The Crying Mirror

So when I was five we moved in with my mother’s parents.  I had already proven myself to be a difficult child at this point, but with my father in search of a job after leaving the navy the family decided it was best to move in with extended family while I finished kindergarten. 

            Now I mentioned I was a difficult child.  I suppose that this would be putting things rather lightly.  I was a horror.  I had temper tantrums that would scare a sane person out of ever thinking of having children of their own.  What made these tantrums particularly horrible when we lived with my grandparents was the mirror in my bedroom.

            In my room I had one of those closets with the sliding doors, and one of these doors was a full length mirror.  When I would be sent to my room, crying and in the full throws of a tantrum, I would sit on my bed and watch myself and the way I looked during these episodes.  I’m not sure what my fascination was with seeing my eyes red and puffy, or my face contorted with screaming and crying.  I do know however, that the mirror created for me a way to punish my family more by extending the tantrums well past the point where I should have calmed down.

            I think at times I was actually calm as I screamed and cried, watching myself in the mirror.  I would sit close to it on the floor, so I could see every detail in my face as I cried and screamed.  Other times I sat far against the opposite wall on my bed and looked to see what my tiny face looked like at a distance.  I tried different angles, and I would even at times sit where I could only see one half of my face while I continued my tantrum.

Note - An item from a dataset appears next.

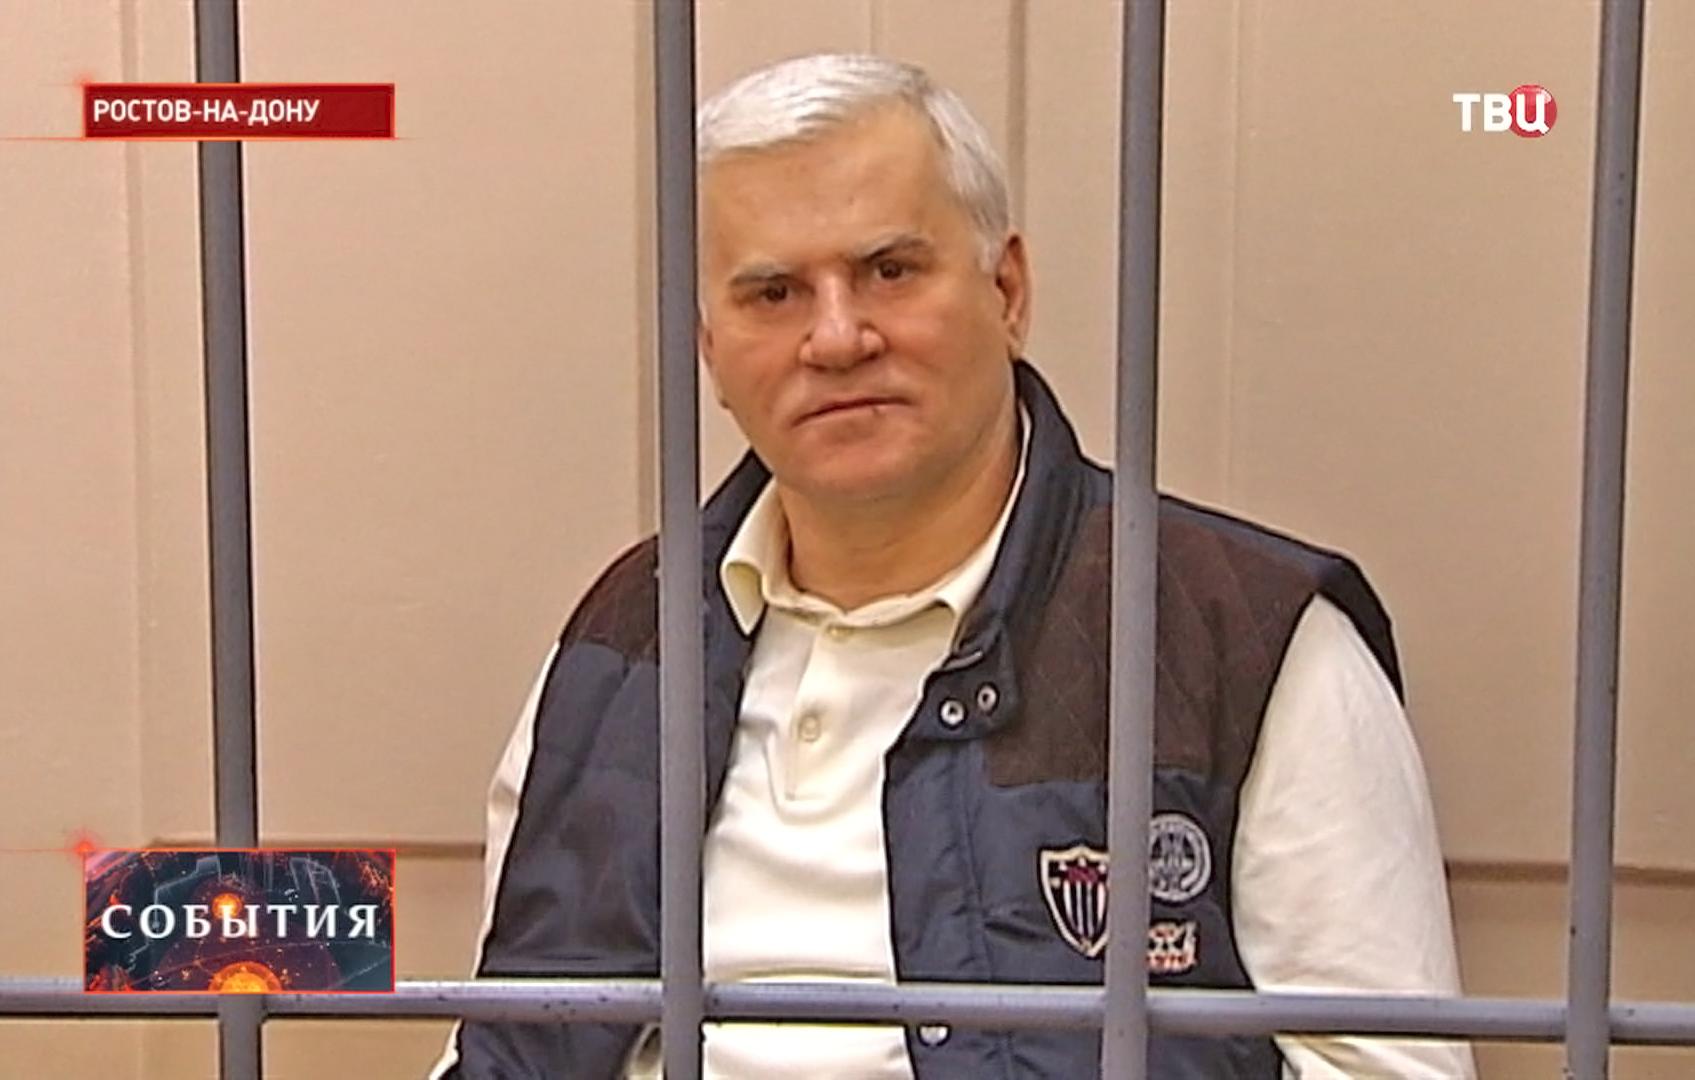 Последние новости луганска видео и фото

            Eventually, they figured out that the mirror was what continued these tantrums for longer than a few minutes, extending them well into time periods unhealthy to be carrying on with so much passion.  Then the mirror was put behind the other closet door.  Though, now I must admit that once they had left the room I would slide out the door just enough to see my face and continue my crying for just a little longer than I should have.  Then I would quietly replace the door and calm myself down.

            I’m not sure why I was so fascinated with how I looked as I cried.  I was not interested in how I looked not crying.  I did not practice making faces into that mirror which were happy, or scary.  For me that mirror held one purpose, and it was to cry into.  I never cared to check my outfits as other girls might have, instead I cried.  What’s more is that I never cried into another mirror, just that one closet door mirror at my grandparent’s house.  It was my crying mirror, and once we moved, I suppose I didn’t need one anymore.